Photographer: Jim Davis

Father Stephen Hilley of St. Justin Martyr shows some of the foods he stocks for the poor on Key Largo.

KEY LARGO | A new air conditioner isn’t always a big deal, but it is when hungry people need it.

So St. Justin Martyr rejoiced when the parish recently got a grant from a benevolent organization to cool one of its rooms in the parish hall. That room helps feed more than 100 people per week.

It's only one of several benevolent ministries by St. Justin and other organizations in the Florida Keys. With churches, charities and local companies along a 100-plus-mile stretch, they try to hold back a tide of hunger, homelessness and unemployment in what most people see as a mere string of island playgrounds.

"The Keys, for some reason, attract people who are homeless and desperate," said Father Stephen Hilley, pastor at St. Justin. "They think it's Nirvana here, but you still have to go to work and feed your family. And there are only so many jobs."
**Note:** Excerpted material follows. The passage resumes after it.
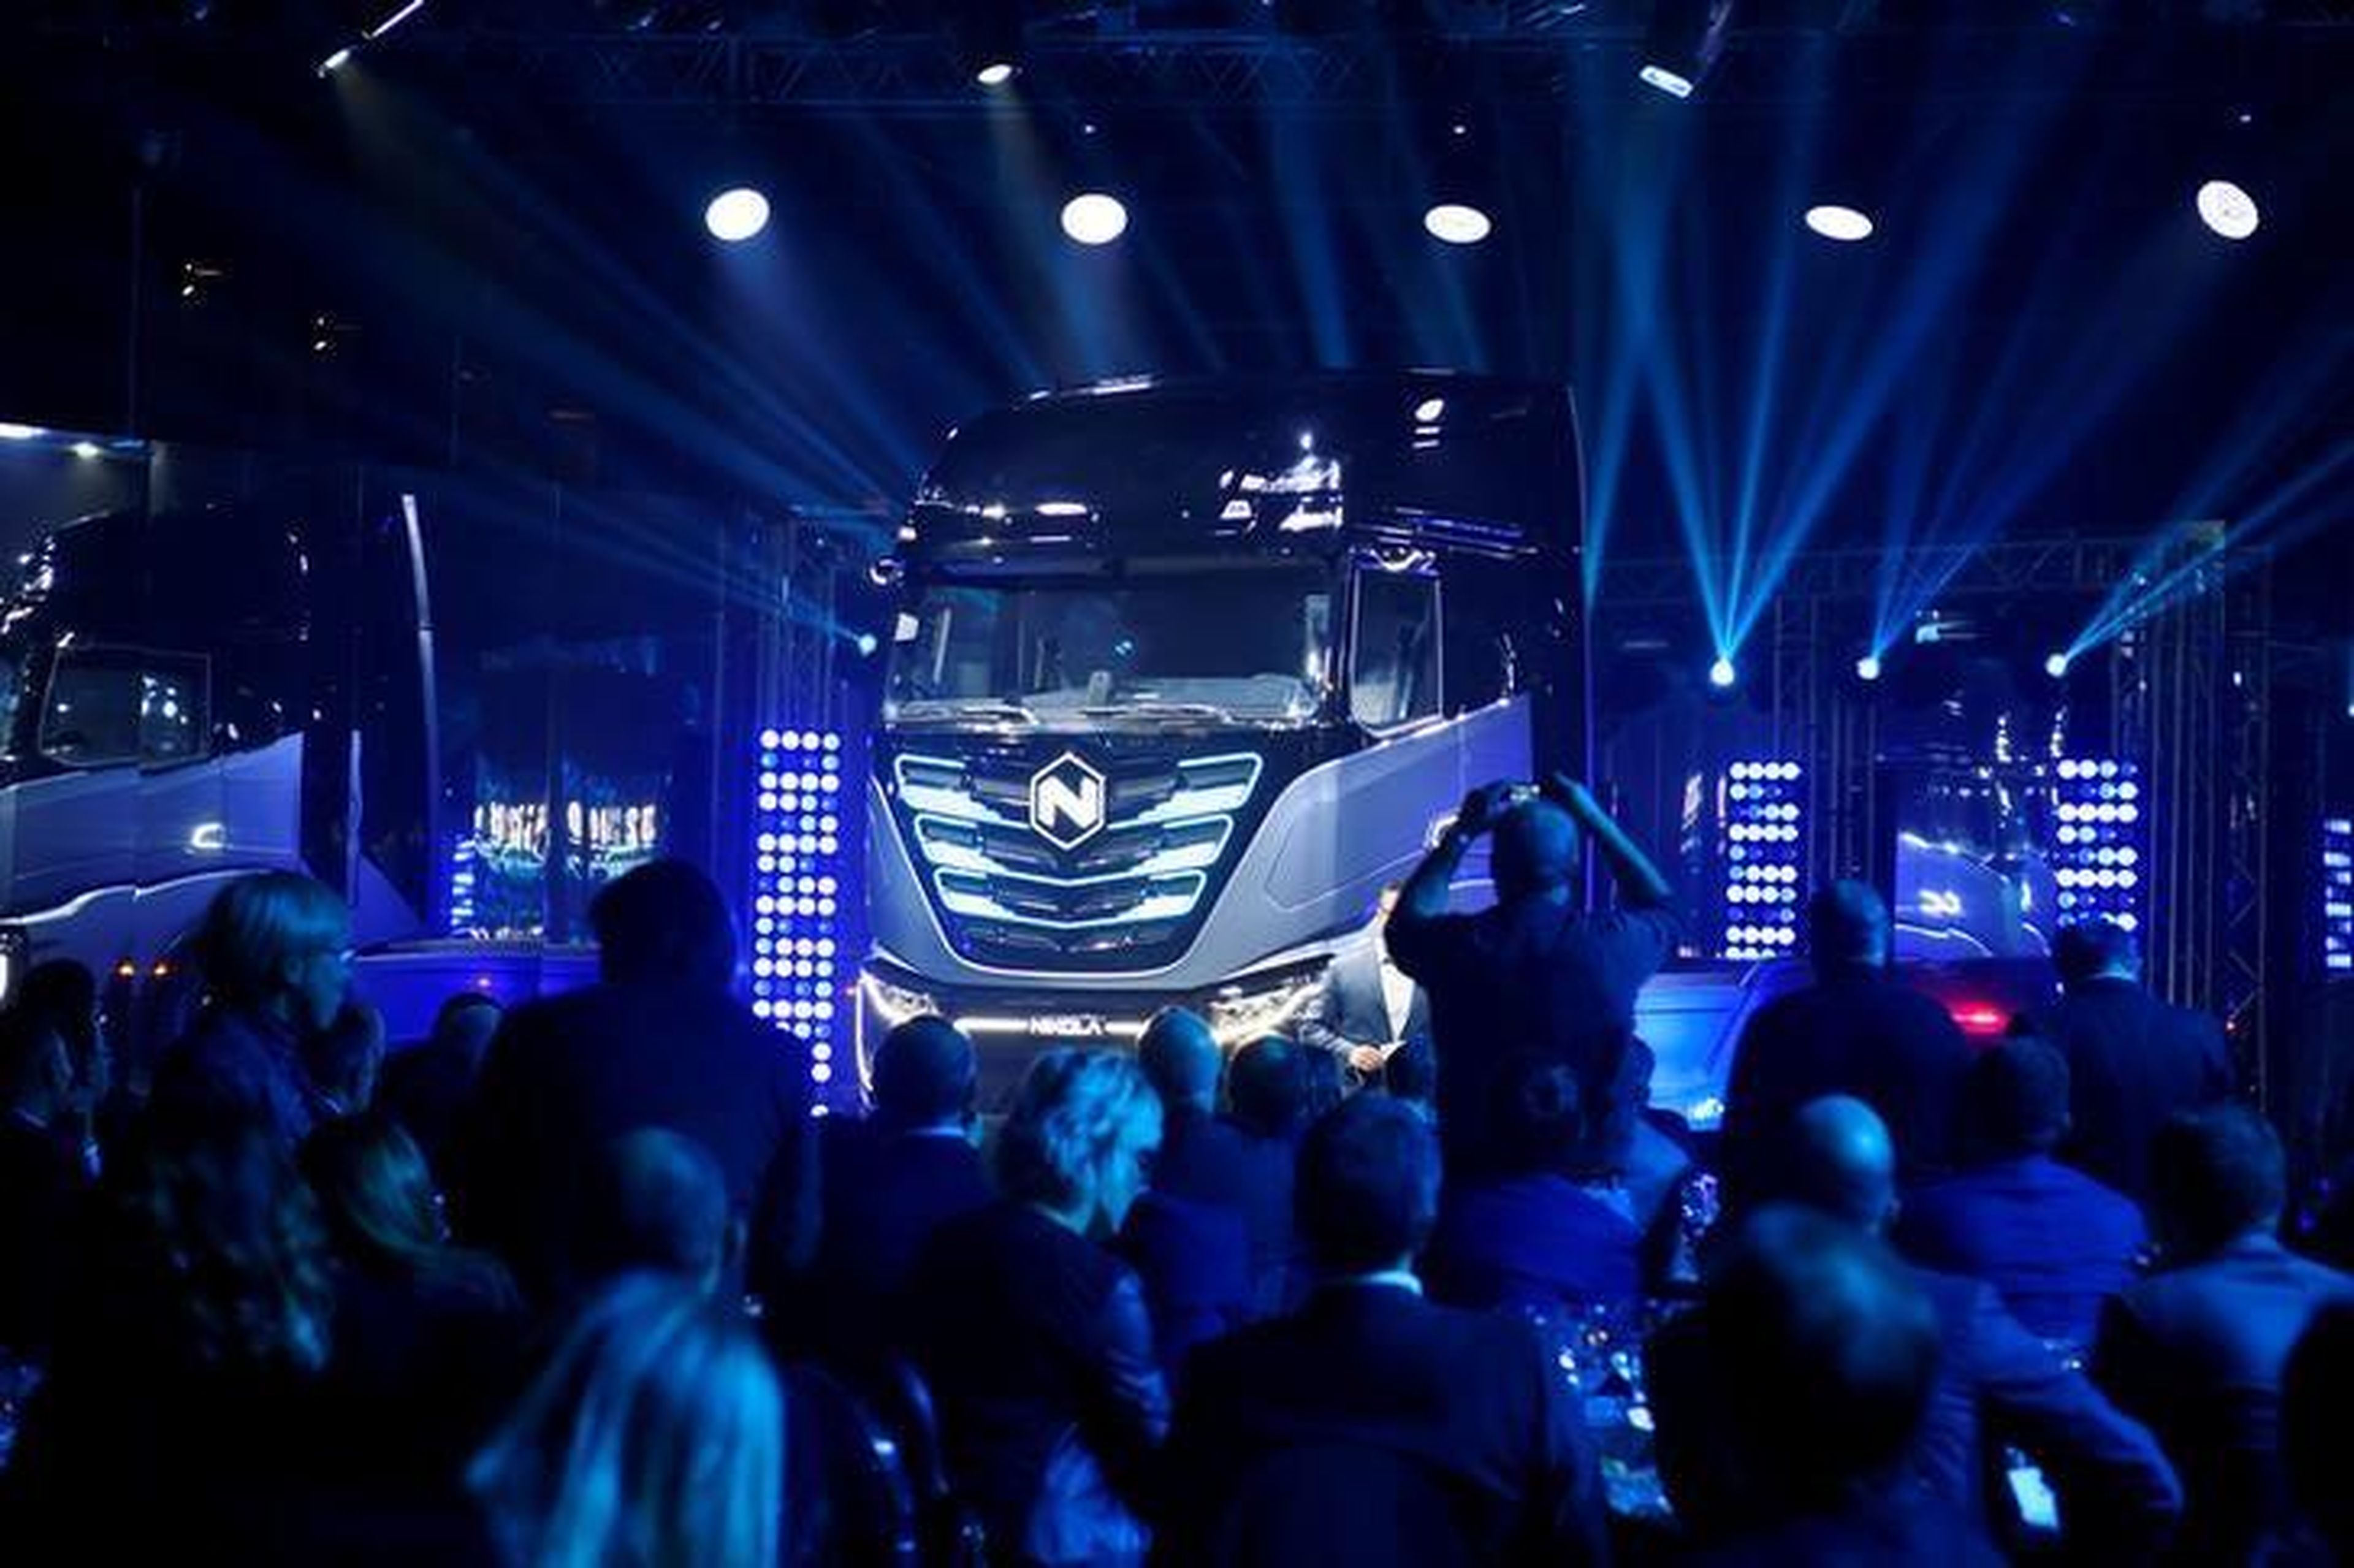 Italian-American industrial vehicle maker CNH's truck unit Iveco presents its new full-electric and hydrogen fuel-cell battery trucks in partnership with U.S. Nikola

St. Justin's list of outreaches hints at how basic the human needs can get in the Keys.

A food bank gives out canned goods, frozen chicken, bread and vegetables via Feeding South Florida. The two-year-old program serves about 100 people per week.

St. Justin recently installed a new cooling unit in its storage room, a space of 115 square feet in its parish hall, made possible with a $30,000 grant from the Ocean Reef Community Foundation, a benevolent group in Key Largo.

The church's Early Learning Center serves breakfast, lunch and snacks to 75-80 children. And the children get tuition aid via the Early Learning Coalition, with 85 percent of them receiving full support of $145-$150 a week.

St. Justin gets deliveries of food from SOS Foundation, a nonprofit corporation founded by the Basilica of St. Mary Star of the Sea in Key West.  SOS delivers to sites from Key West to Key Largo -- more than 1.5 million pounds of food to thousands of hungry mouths each year. Its pantry is twice the size of the largest one in Miami, according to a recent article in the National Catholic Reporter.

SOS also supplies a range of items like clothes, furniture, baby food, soap, shampoo, dog and cat food, even adult underwear. Its $4 million budget is patched together from governments, foundations and individuals, NCR reported.

Living without a living wage

How bad can life in the Keys get? The archdiocesan Catholic Charities supplied some numbers.

In Key West, the top one percent earn $3.3 million; for the bottom 99 percent, it's about $55,000, said Deacon Richard Turcotte, Catholic Charities’ CEO. What's more, a living wage in the Keys is about $72,000, he said.

Father Stephen Hilley of St. Justin Martyr shows the sign the church puts out for the poor on Key Largo.

Photographer: Jim Davis

Father Stephen Hilley of St. Justin Martyr shows the sign the church puts out for the poor on Key Largo.

And it's not just newcomers who are caught in the money squeeze, Deacon Turcotte said. "A lot of the homeless are full-time employees, residents, taxpaying citizens. Most wage earners have multiple part-time or quarter-time jobs. Because if you miss one paycheck …"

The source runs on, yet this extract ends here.